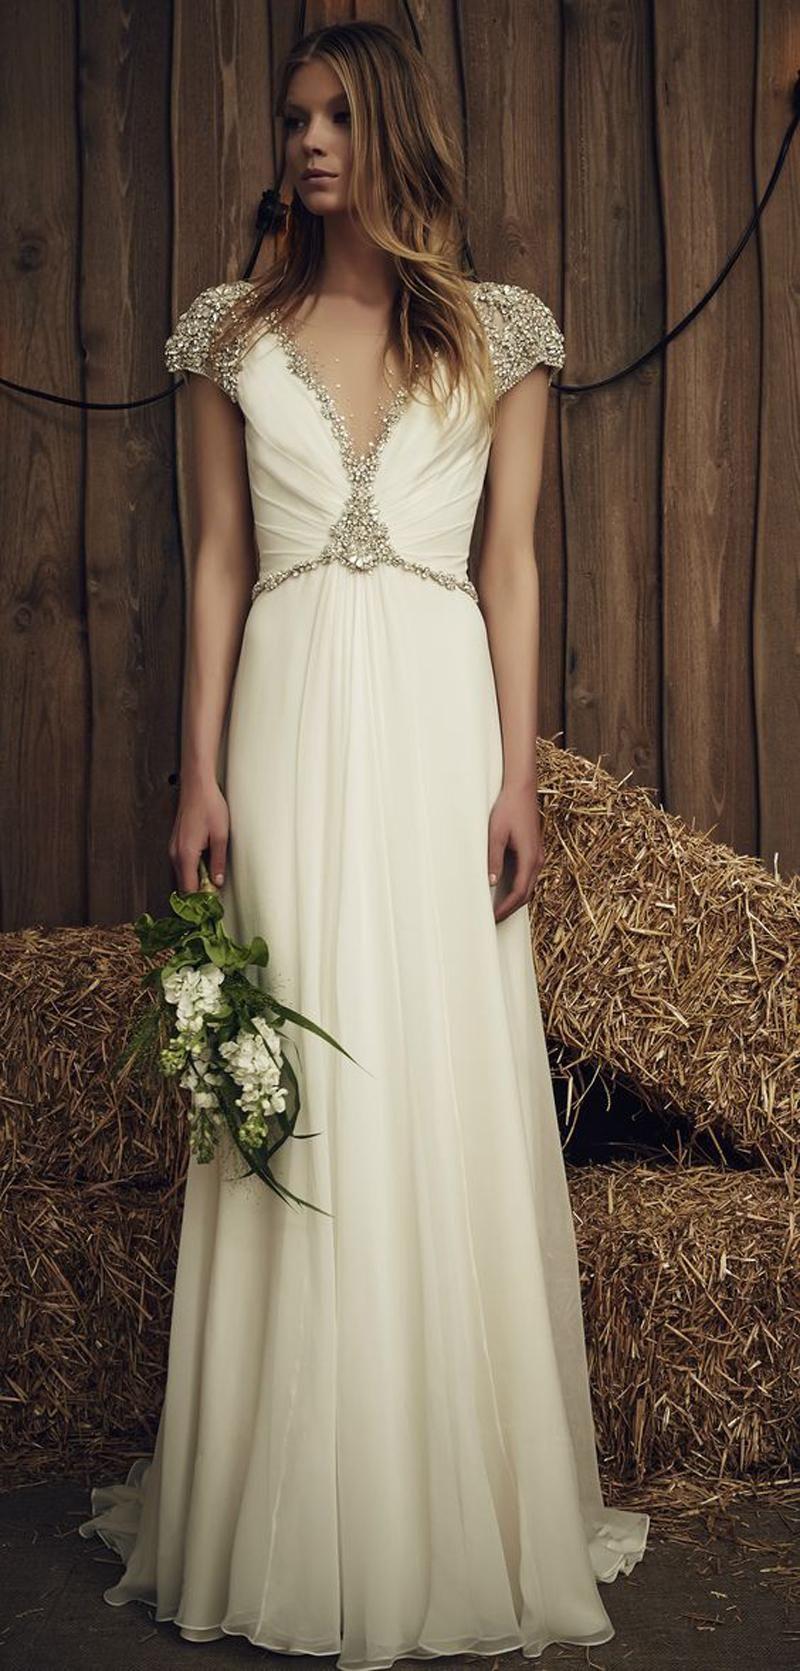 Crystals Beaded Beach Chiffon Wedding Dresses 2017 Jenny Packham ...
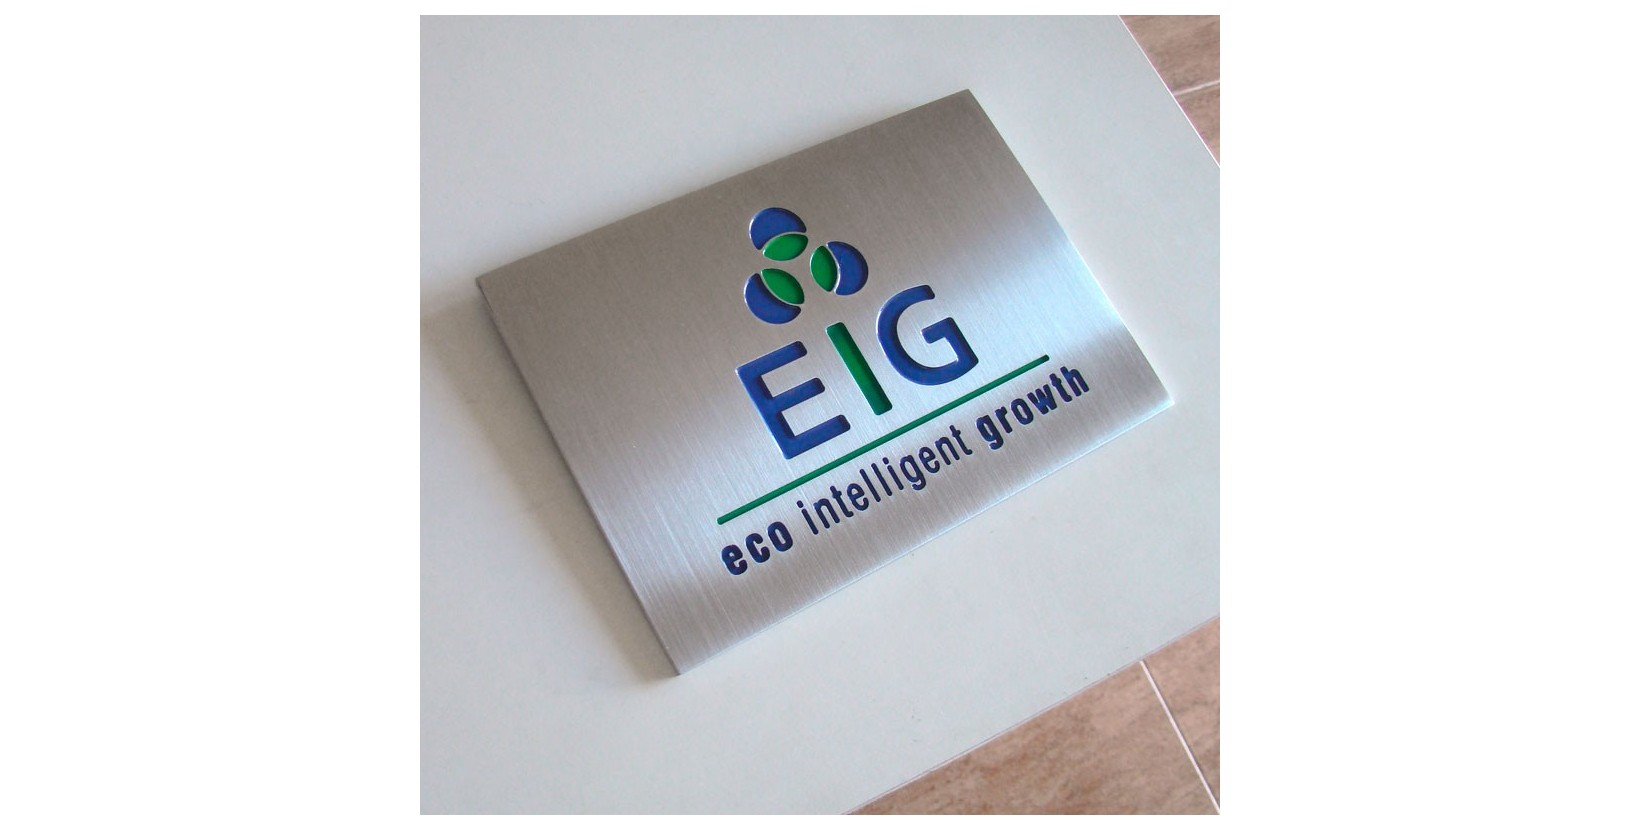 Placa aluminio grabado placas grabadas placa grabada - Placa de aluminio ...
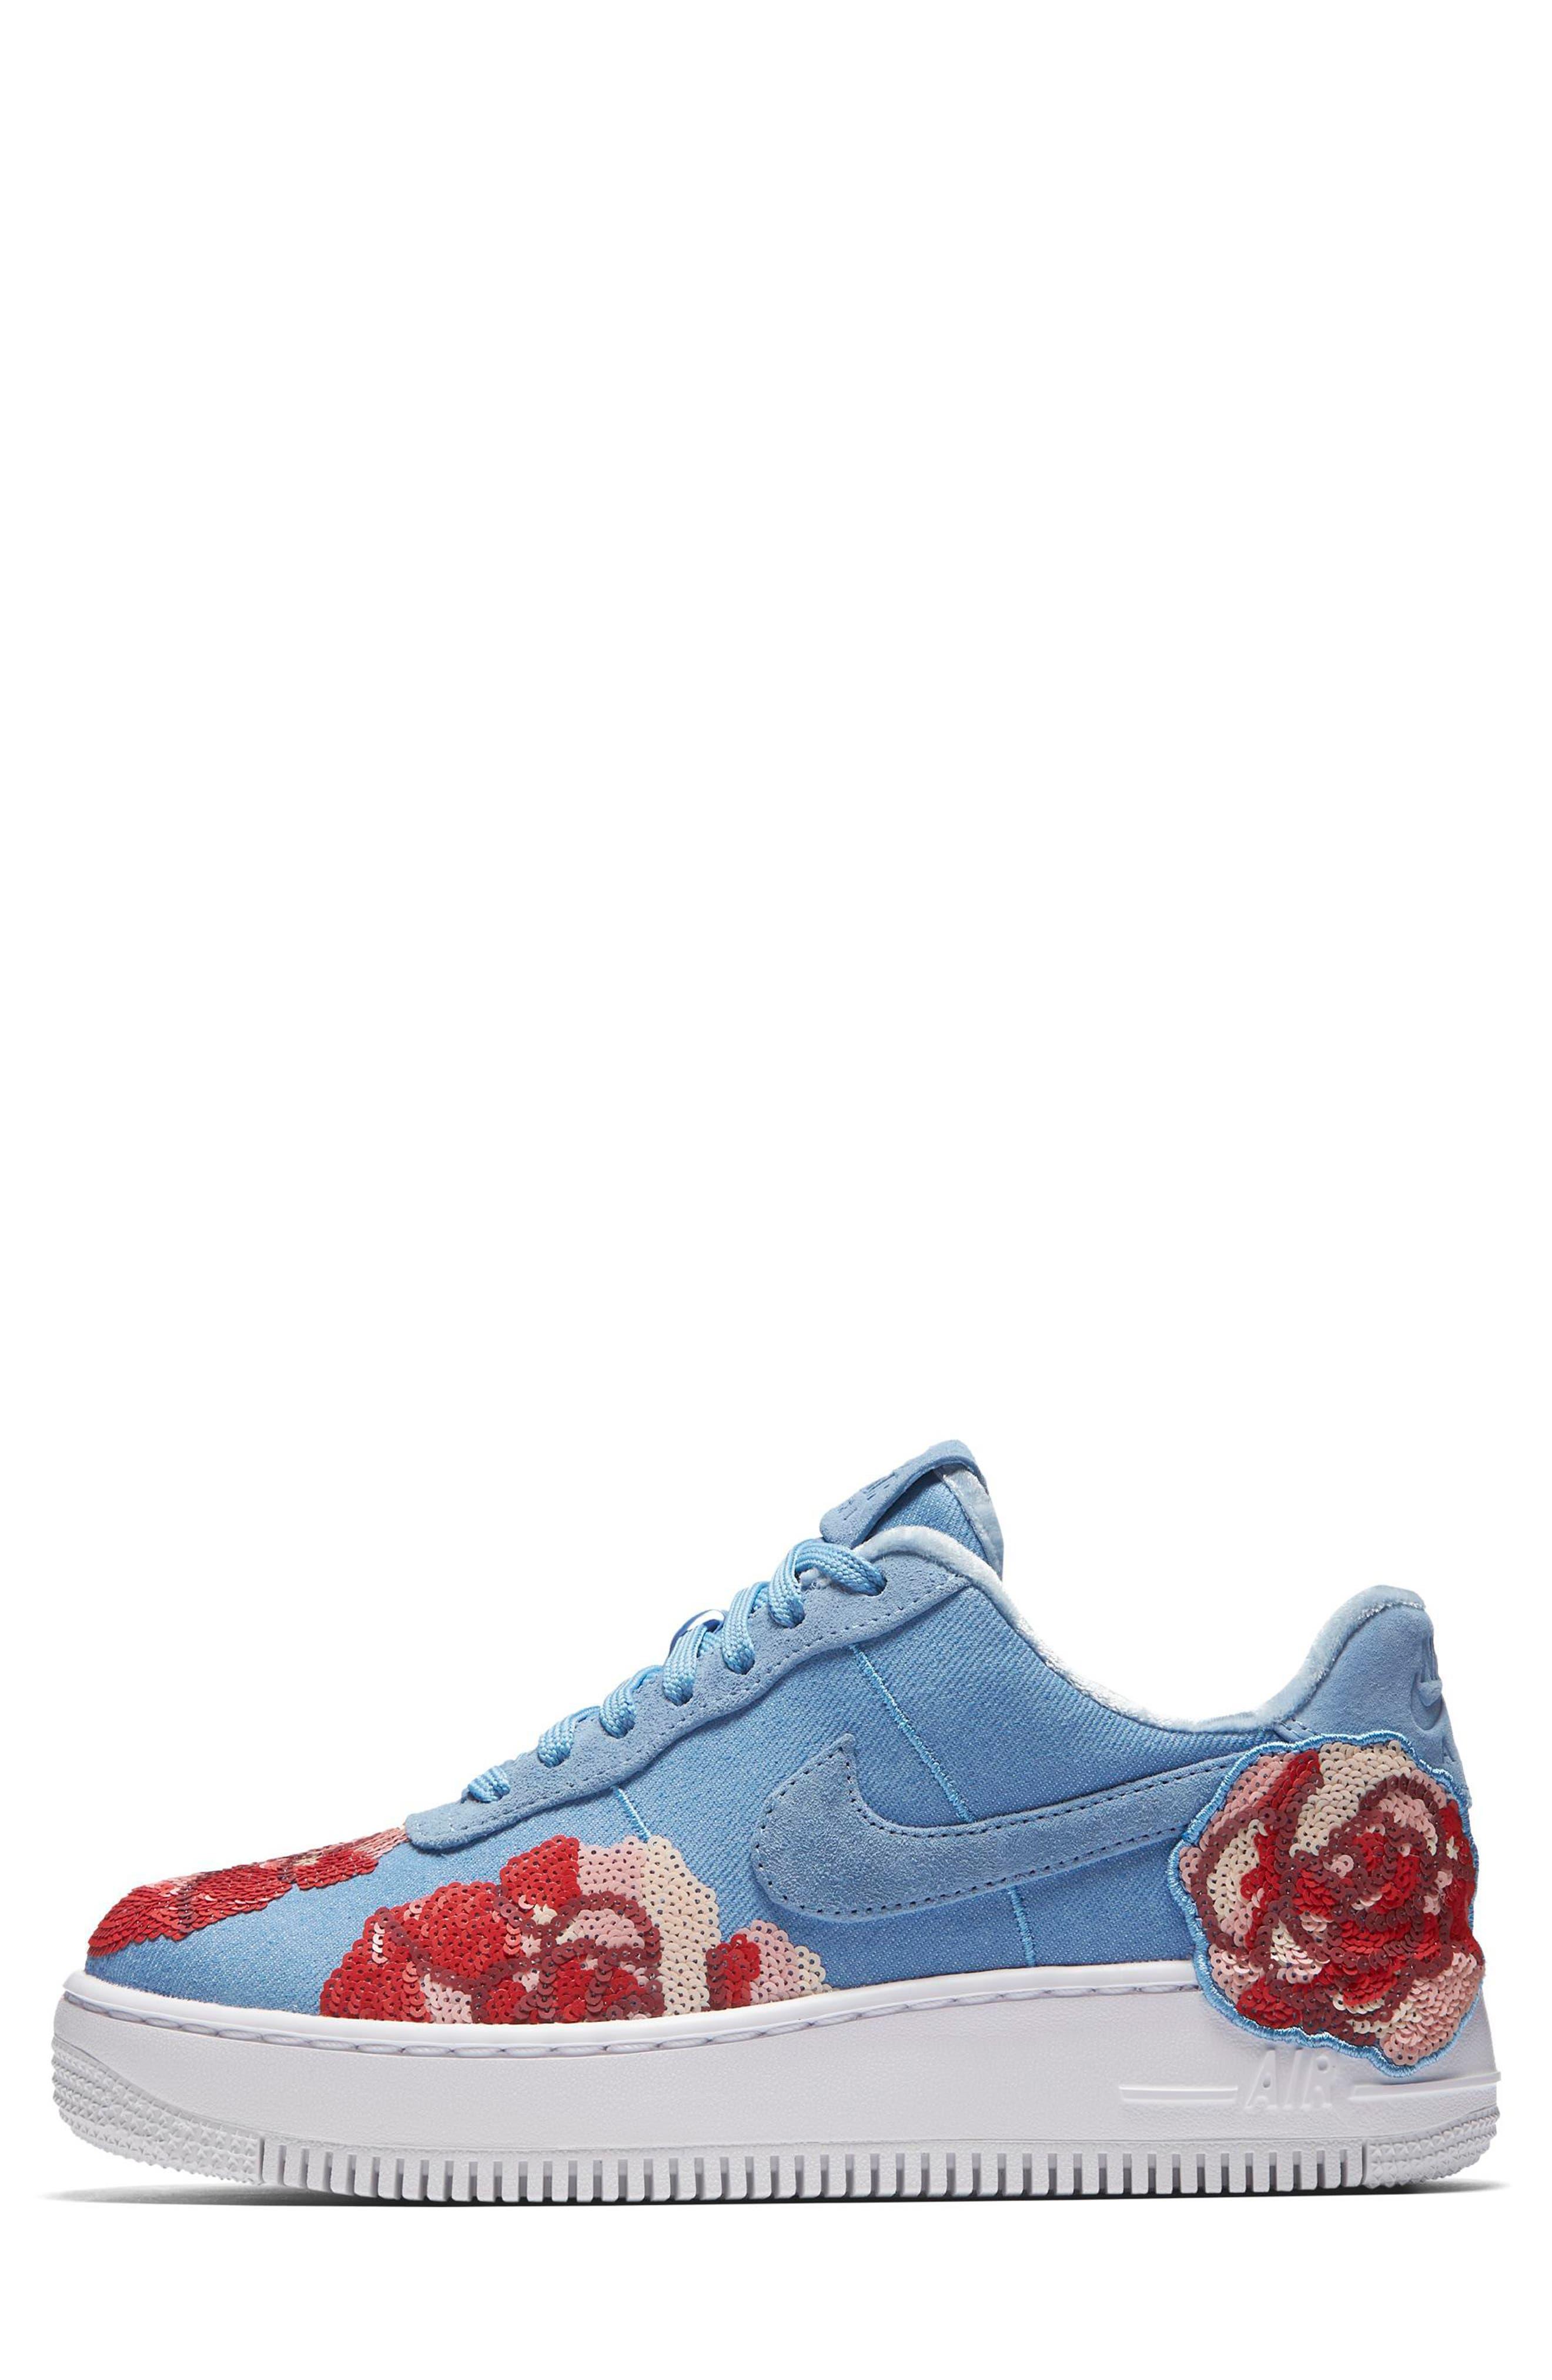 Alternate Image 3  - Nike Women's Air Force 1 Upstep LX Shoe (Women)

□ □ □ □ □

EXERCISE REQUIREMENTS:
Retype the listing above exactly, please. Pictures do not belong in the copy.

TASK OUTPUT:
 Crystals Beaded Beach Chiffon Wedding Dresses 2017 Jenny Packham ...
 Placa aluminio grabado placas grabadas placa grabada - Placa de aluminio ...
 Alternate Image 3  - Nike Women's Air Force 1 Upstep LX Shoe (Women)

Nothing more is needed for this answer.